Patel has in recent years tightened competition legislation to give competition authorities more power to go after large companies that abuse their dominant position, as well as to target sectors dominated by just a few large firms, even where there is no evidence of abuse. That’s meant to open  these sectors up to more competition from smaller firms. But with government scrambling for ideas to lift the economy out of its stagnation and create employment, he seems to feel the need to show he is doing something to support small firms, especially small black-owned firms. That’s surely even more imperative in an election year in which President Cyril Ramaphosa’s cabinet supporters, Patel included, need to demonstrate their inclusive-growth credentials.

The minister says his block-exemption idea builds on his experience of granting such exemptions during the Covid-19 and KwaZulu-Natal floods crises and is not unique to SA, with the EU also having such a measure in place. A key driver was a 2021 Competition Commission study, which found that the SA economy is highly concentrated, with many sectors dominated by a handful of large players while smaller players face barriers to entry.
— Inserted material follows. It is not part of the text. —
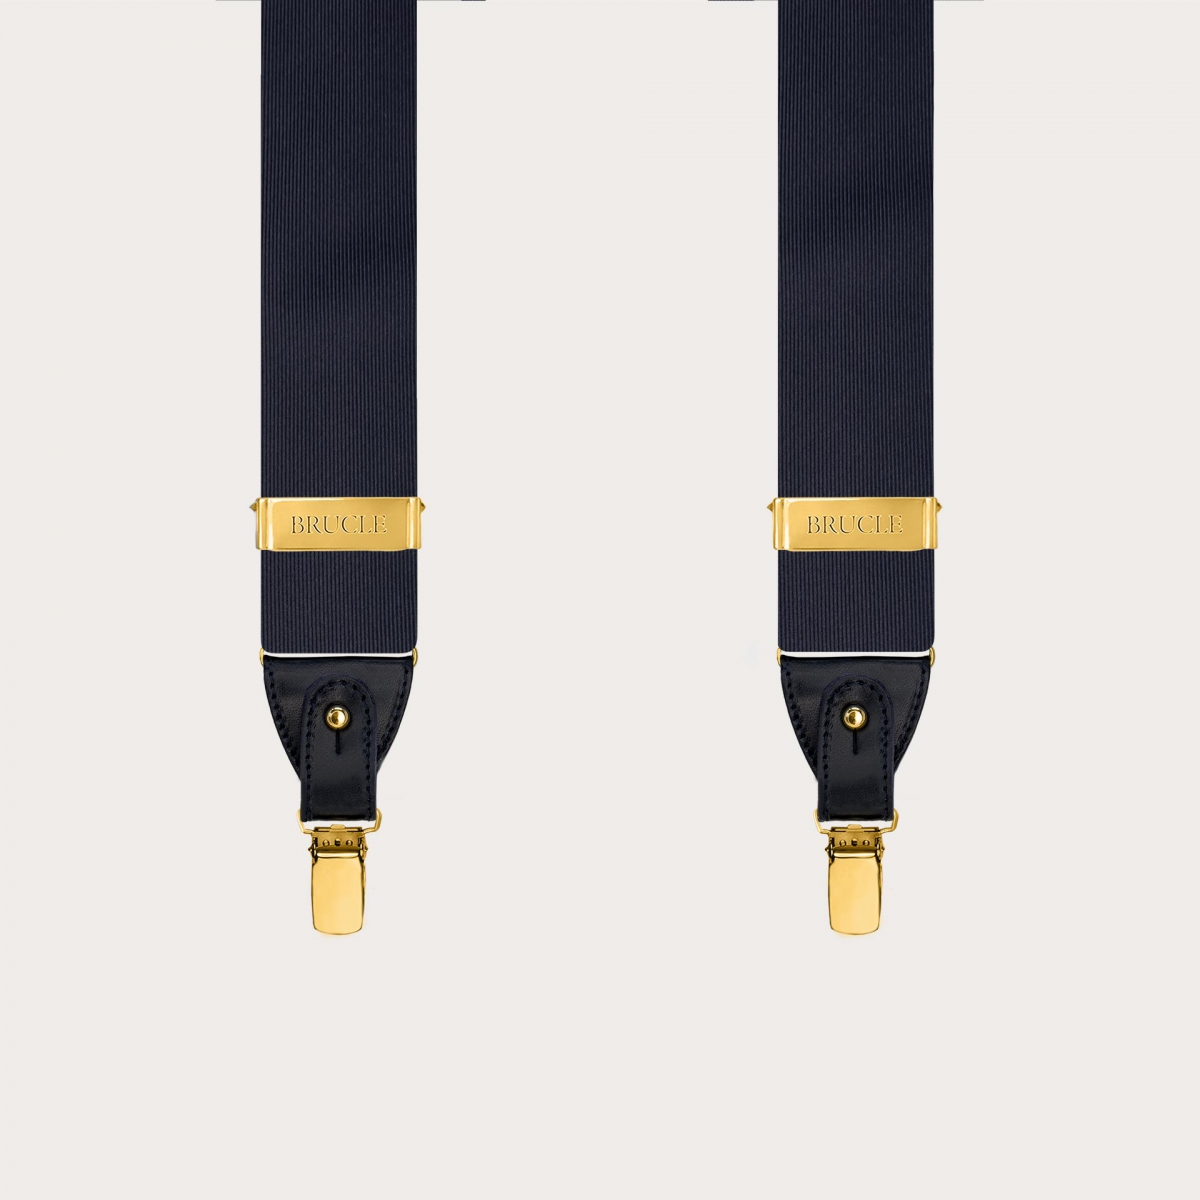 Bretelles pour homme en soie bleu marine avec clips dorés

The draft block-exemption regulations published on Thursday noted that the Covid pandemic had negatively affected small and medium enterprises, and their share of national income is “comparatively low and declining”.

It’s certainly true that SA needs to grow its small business sector, whose contribution to employment far outweighs its share of GDP, and whose contribution to the economy is far lower than in other countries.

It’s probably true too that smaller firms might benefit from good forms of co-operation, and even that it might help them to know that the competition authorities would not go after them if they did co-operate.

However, Patel’s proposed block-exemption regulations could open up huge avenues for abuse by companies large and small. They could see the formation of new cartels, after all these years in which the competition regulators have been working hard to stamp these out. They could see all sorts of creative corporate structuring by larger companies dressing themselves up as smaller companies to enable collusion on dividing markets or massaging prices. They could end up being very bad for consumers, not to mention creating some thorny issues for competition regulators. And crucially, it’s not clear that the inability of small and medium enterprises to band together without incurring regulators’ wrath is the main reason (or a meaningful reason), for their struggling to grow. Government red tape and dysfunction are probably far greater barriers to entry.

Patel’s team has tried to narrow the scope of the draft exemptions to prevent abuse. The regulations are now open for public comment. They will surely elicit interesting responses and raise red flags. The minister says he will take the comments into account. Let’s see.